Peut-être aussi, après les avoir
lus, serais-tu moins empressé à revêtir ton air grave et ta belle
redingote, à courir ensuite vers les urnes homicides où, quelque nom que
tu mettes, tu mets d'avance le nom de ton plus mortel ennemi. Ils te
diraient, en connaisseurs d'humanité, que la politique est un abominable
mensonge, que tout y est à l'envers du bon sens, de la justice et du
droit, et que tu n'as rien à y voir, toi dont le compte est réglé au
grand livre des destinées humaines.
Rêve après cela, si tu veux,
des paradis de lumières et de parfums, des fraternités impossibles, des
bonheurs irréels. C'est bon de rêver, et cela calme la souffrance. Mais
ne mêle jamais l'homme à ton rêve, car là où est l'homme, là est la
douleur, la haine et le meurtre. Surtout, souviens-toi que l'homme qui
sollicite tes suffrages est, de ce fait, un malhonnête homme, parce
qu'en échange de la situation et de la fortune où tu le pousses, il te
promet un tas de choses merveilleuses qu'il ne te donnera pas et qu'il
n'est pas d'ailleurs, en son pouvoir de te donner. L'homme que tu élèves
ne représente ni ta misère, ni tes aspirations, ni rien de toi; il ne
représente que ses propres passions et ses propres intérêts, lesquels
sont contraires aux tiens.
Pour te réconforter et ranimer des espérances
qui seraient vite déçues, ne va pas t'imaginer que le spectacle navrant
auquel tu assistes aujourd'hui est particulier à une époque ou à un
régime, et que cela passera.
Toutes les époques se valent, et aussi tous les régimes, c'est-à-dire qu'ils ne valent rien. Donc, rentre chez toi, bonhomme, et fais la grève du suffrage universel. Tu n'as rien à y perdre, je t'en réponds ; et cela pourra t'amuser quelque temps. Sur le seuil de ta porte, fermée aux quémandeurs d'aumônes politiques, tu regarderas défiler la bagarre, en fumant silencieusement ta pipe.

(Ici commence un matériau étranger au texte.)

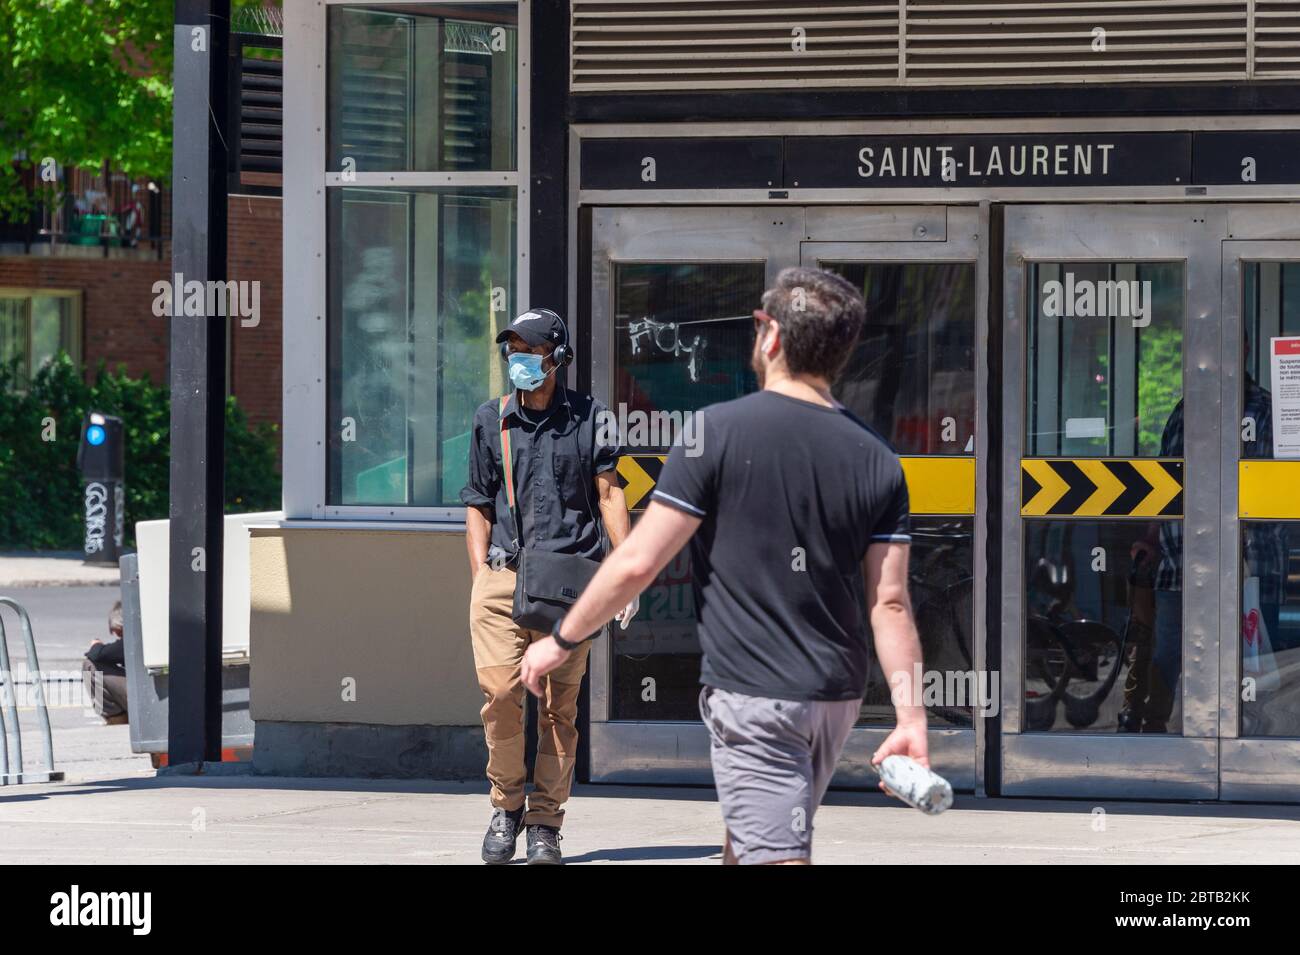 Montréal, CA - 23 mai 2020: Homme avec masque pour la protection contre COVID-19 sortant de la station de métro Saint Laurent Banque D'Images

Et s'il existe, en un endroit ignoré, un honnête homme capable de te gouverner et de t'aimer, ne le regrette pas. Il serait trop jaloux de sa dignité pour se mêler à la lutte fangeuse des partis, trop fier pour tenir de toi un mandat que tu n'accordes jamais qu'à l'audace cynique, à l'insulte et au mensonge.
Je te l'ai dit, bonhomme, rentre chez toi et fais la grève.